Peter Marinello, vice president of the DSSRC, BBB National Programs, tells SSN, “DSSRC acknowledges the importance of ensuring compliance with federal law and maintaining consistency with FTC regulations within the direct selling industry. The DSSRC is committed to upholding the highest standards of transparency and consumer protection.

“While we are disappointed with the Commission’s assessment of the Guidance which aligns with the foundational principles of advertising law established by the FTC, we appreciate the FTC staff’s commitment to consumer protection and value their input in this matter,” Marinello continued. 

“DSSRC remains dedicated to promoting integrity and accountability within the direct selling industry. As part of our ongoing efforts to enhance industry standards, we welcome continued dialogue and collaboration with regulatory authorities to ensure compliance and foster consumer trust.”

Regulatory Stance Undeterred by Neora Ruling

Notably, the arguments presented by the FTC staff in both letters echoed positions that were scrutinized and ultimately rejected in the Commission’s case against direct seller Neora. This trial, a landmark legal confrontation within the direct selling channel, critically examined the FTC’s interpretation of what constitutes an illegal pyramid scheme and the requirements for substantiating earnings claims. 

The court’s decision in the Neora case challenged the FTC’s revised approach to evaluating practices of direct selling companies, specifically questioning the agency’s shift away from traditional criteria including the “primary source” test and leaning towards a more qualitative assessment of a company’s compensation structure as well as its emphasis on recruitment over product sales. 

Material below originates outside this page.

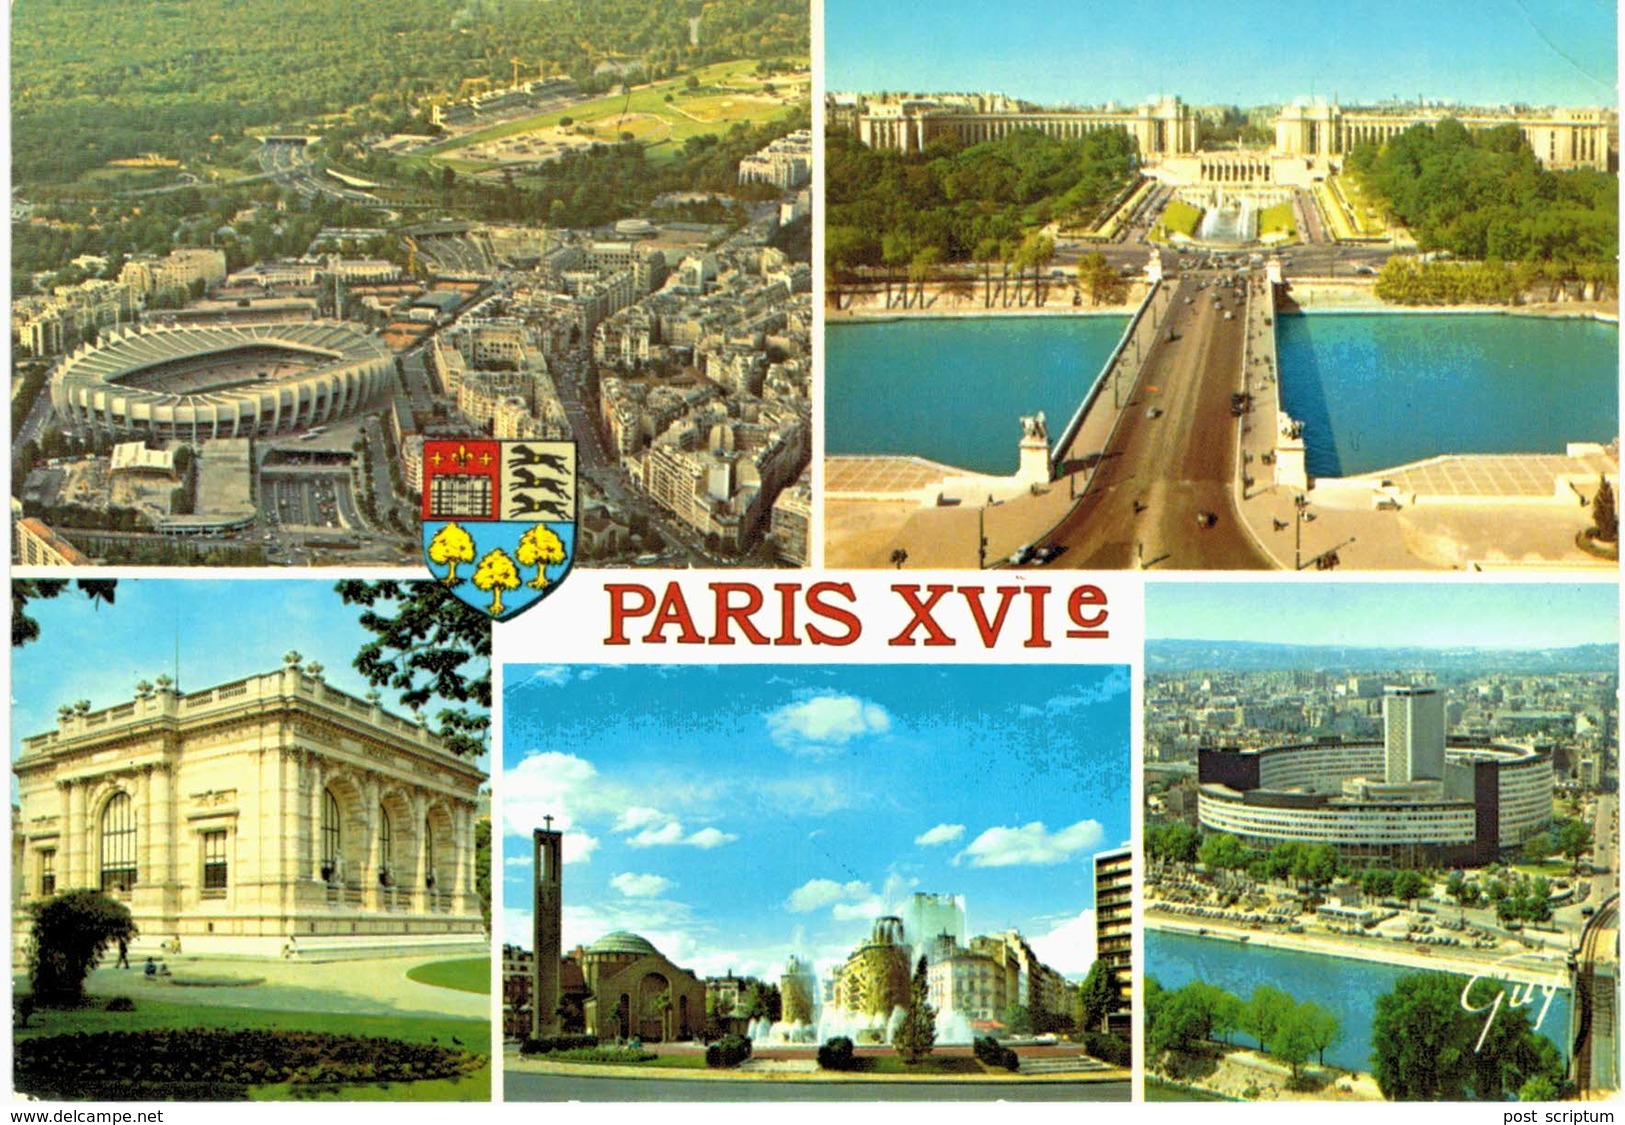 Paris - XVIe - Stade Parc Des Princes - Hippodrome - Bois De Boulogne - Pont D'iéna - Musée Galliéra - Porte De St Cloud - Arrondissement: 16

Despite this judicial rebuff, the FTC staff’s recent letters to the DSA and DSSRC indicated a steadfast commitment to these contested views, underscoring an ongoing effort to refine and assert these standards within the industry. This persistence highlights a significant tension between regulatory intentions and judicial interpretations, suggesting a complex landscape for future legal and regulatory actions within the sector.